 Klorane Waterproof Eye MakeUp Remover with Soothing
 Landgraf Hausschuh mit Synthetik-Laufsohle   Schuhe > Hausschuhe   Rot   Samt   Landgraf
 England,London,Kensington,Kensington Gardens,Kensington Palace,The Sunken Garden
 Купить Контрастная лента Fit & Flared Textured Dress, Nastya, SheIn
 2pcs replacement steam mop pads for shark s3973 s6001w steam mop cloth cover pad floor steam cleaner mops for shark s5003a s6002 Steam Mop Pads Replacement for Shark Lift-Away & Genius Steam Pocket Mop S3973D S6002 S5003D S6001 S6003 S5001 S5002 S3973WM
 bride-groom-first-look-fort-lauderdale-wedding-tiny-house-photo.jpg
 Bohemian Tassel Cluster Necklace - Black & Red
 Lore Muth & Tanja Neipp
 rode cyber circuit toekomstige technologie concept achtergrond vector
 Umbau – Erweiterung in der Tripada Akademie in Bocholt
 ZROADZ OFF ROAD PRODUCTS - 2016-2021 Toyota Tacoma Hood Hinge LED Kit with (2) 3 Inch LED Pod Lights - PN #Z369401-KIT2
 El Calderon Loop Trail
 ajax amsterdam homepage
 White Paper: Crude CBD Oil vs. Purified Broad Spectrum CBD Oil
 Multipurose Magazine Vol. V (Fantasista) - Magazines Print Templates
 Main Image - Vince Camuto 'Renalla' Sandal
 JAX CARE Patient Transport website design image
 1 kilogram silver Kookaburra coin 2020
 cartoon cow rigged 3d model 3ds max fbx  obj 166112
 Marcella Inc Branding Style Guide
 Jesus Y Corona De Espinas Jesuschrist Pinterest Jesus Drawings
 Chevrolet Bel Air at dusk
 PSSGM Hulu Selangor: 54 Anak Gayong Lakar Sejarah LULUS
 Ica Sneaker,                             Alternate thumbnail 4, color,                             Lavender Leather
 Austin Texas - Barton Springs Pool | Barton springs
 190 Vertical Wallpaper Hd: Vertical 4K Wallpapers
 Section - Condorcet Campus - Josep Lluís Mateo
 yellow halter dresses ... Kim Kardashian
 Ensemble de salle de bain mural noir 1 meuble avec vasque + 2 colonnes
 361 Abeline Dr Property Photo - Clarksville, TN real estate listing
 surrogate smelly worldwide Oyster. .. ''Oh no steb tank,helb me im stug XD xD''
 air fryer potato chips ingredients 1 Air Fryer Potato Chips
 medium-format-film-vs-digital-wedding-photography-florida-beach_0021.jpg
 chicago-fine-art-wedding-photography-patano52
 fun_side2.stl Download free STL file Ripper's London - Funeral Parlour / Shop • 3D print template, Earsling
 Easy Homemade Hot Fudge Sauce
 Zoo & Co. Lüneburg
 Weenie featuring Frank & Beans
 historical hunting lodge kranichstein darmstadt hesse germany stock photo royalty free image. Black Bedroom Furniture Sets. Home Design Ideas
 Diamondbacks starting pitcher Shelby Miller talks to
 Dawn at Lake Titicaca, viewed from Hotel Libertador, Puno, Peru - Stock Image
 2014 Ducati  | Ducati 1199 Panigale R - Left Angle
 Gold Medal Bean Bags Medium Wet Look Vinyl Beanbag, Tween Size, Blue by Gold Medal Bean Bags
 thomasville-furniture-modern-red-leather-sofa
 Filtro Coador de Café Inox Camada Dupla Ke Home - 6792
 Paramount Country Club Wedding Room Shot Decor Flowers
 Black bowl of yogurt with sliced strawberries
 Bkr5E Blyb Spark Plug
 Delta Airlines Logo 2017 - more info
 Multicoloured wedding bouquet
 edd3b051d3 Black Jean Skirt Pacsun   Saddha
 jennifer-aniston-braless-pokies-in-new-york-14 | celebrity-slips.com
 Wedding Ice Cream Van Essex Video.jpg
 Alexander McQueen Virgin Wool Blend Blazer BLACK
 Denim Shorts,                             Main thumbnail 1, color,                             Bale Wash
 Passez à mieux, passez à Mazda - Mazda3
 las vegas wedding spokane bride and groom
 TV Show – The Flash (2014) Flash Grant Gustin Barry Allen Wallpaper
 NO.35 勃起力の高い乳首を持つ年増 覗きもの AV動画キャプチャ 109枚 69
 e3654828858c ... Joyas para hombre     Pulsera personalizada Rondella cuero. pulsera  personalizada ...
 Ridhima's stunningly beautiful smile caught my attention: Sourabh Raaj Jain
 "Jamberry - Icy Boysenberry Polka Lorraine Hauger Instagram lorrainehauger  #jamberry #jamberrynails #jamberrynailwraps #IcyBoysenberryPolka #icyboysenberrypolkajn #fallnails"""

#### [Exercise brief]
The entries are to be retyped in full, with no alteration.

#### [Answer to this exercise]
 Klorane Waterproof Eye MakeUp Remover with Soothing
 Landgraf Hausschuh mit Synthetik-Laufsohle   Schuhe > Hausschuhe   Rot   Samt   Landgraf
 England,London,Kensington,Kensington Gardens,Kensington Palace,The Sunken Garden
 Купить Контрастная лента Fit & Flared Textured Dress, Nastya, SheIn
 2pcs replacement steam mop pads for shark s3973 s6001w steam mop cloth cover pad floor steam cleaner mops for shark s5003a s6002 Steam Mop Pads Replacement for Shark Lift-Away & Genius Steam Pocket Mop S3973D S6002 S5003D S6001 S6003 S5001 S5002 S3973WM
 bride-groom-first-look-fort-lauderdale-wedding-tiny-house-photo.jpg
 Bohemian Tassel Cluster Necklace - Black & Red
 Lore Muth & Tanja Neipp
 rode cyber circuit toekomstige technologie concept achtergrond vector
 Umbau – Erweiterung in der Tripada Akademie in Bocholt
 ZROADZ OFF ROAD PRODUCTS - 2016-2021 Toyota Tacoma Hood Hinge LED Kit with (2) 3 Inch LED Pod Lights - PN #Z369401-KIT2
 El Calderon Loop Trail
 ajax amsterdam homepage
 White Paper: Crude CBD Oil vs. Purified Broad Spectrum CBD Oil
 Multipurose Magazine Vol. V (Fantasista) - Magazines Print Templates
 Main Image - Vince Camuto 'Renalla' Sandal
 JAX CARE Patient Transport website design image
 1 kilogram silver Kookaburra coin 2020
 cartoon cow rigged 3d model 3ds max fbx  obj 166112
 Marcella Inc Branding Style Guide
 Jesus Y Corona De Espinas Jesuschrist Pinterest Jesus Drawings
 Chevrolet Bel Air at dusk
 PSSGM Hulu Selangor: 54 Anak Gayong Lakar Sejarah LULUS
 Ica Sneaker,                             Alternate thumbnail 4, color,                             Lavender Leather
 Austin Texas - Barton Springs Pool | Barton springs
 190 Vertical Wallpaper Hd: Vertical 4K Wallpapers
 Section - Condorcet Campus - Josep Lluís Mateo
 yellow halter dresses ... Kim Kardashian
 Ensemble de salle de bain mural noir 1 meuble avec vasque + 2 colonnes
 361 Abeline Dr Property Photo - Clarksville, TN real estate listing
 surrogate smelly worldwide Oyster. .. ''Oh no steb tank,helb me im stug XD xD''
 air fryer potato chips ingredients 1 Air Fryer Potato Chips
 medium-format-film-vs-digital-wedding-photography-florida-beach_0021.jpg
 chicago-fine-art-wedding-photography-patano52
 fun_side2.stl Download free STL file Ripper's London - Funeral Parlour / Shop • 3D print template, Earsling
 Easy Homemade Hot Fudge Sauce
 Zoo & Co. Lüneburg
 Weenie featuring Frank & Beans
 historical hunting lodge kranichstein darmstadt hesse germany stock photo royalty free image. Black Bedroom Furniture Sets. Home Design Ideas
 Diamondbacks starting pitcher Shelby Miller talks to
 Dawn at Lake Titicaca, viewed from Hotel Libertador, Puno, Peru - Stock Image
 2014 Ducati  | Ducati 1199 Panigale R - Left Angle
 Gold Medal Bean Bags Medium Wet Look Vinyl Beanbag, Tween Size, Blue by Gold Medal Bean Bags
 thomasville-furniture-modern-red-leather-sofa
 Filtro Coador de Café Inox Camada Dupla Ke Home - 6792
 Paramount Country Club Wedding Room Shot Decor Flowers
 Black bowl of yogurt with sliced strawberries
 Bkr5E Blyb Spark Plug
 Delta Airlines Logo 2017 - more info
 Multicoloured wedding bouquet
 edd3b051d3 Black Jean Skirt Pacsun   Saddha
 jennifer-aniston-braless-pokies-in-new-york-14 | celebrity-slips.com
 Wedding Ice Cream Van Essex Video.jpg
 Alexander McQueen Virgin Wool Blend Blazer BLACK
 Denim Shorts,                             Main thumbnail 1, color,                             Bale Wash
 Passez à mieux, passez à Mazda - Mazda3
 las vegas wedding spokane bride and groom
 TV Show – The Flash (2014) Flash Grant Gustin Barry Allen Wallpaper
 NO.35 勃起力の高い乳首を持つ年増 覗きもの AV動画キャプチャ 109枚 69
 e3654828858c ... Joyas para hombre     Pulsera personalizada Rondella cuero. pulsera  personalizada ...
 Ridhima's stunningly beautiful smile caught my attention: Sourabh Raaj Jain
 "Jamberry - Icy Boysenberry Polka Lorraine Hauger Instagram lorrainehauger  #jamberry #jamberrynails #jamberrynailwraps #IcyBoysenberryPolka #icyboysenberrypolkajn #fallnails"""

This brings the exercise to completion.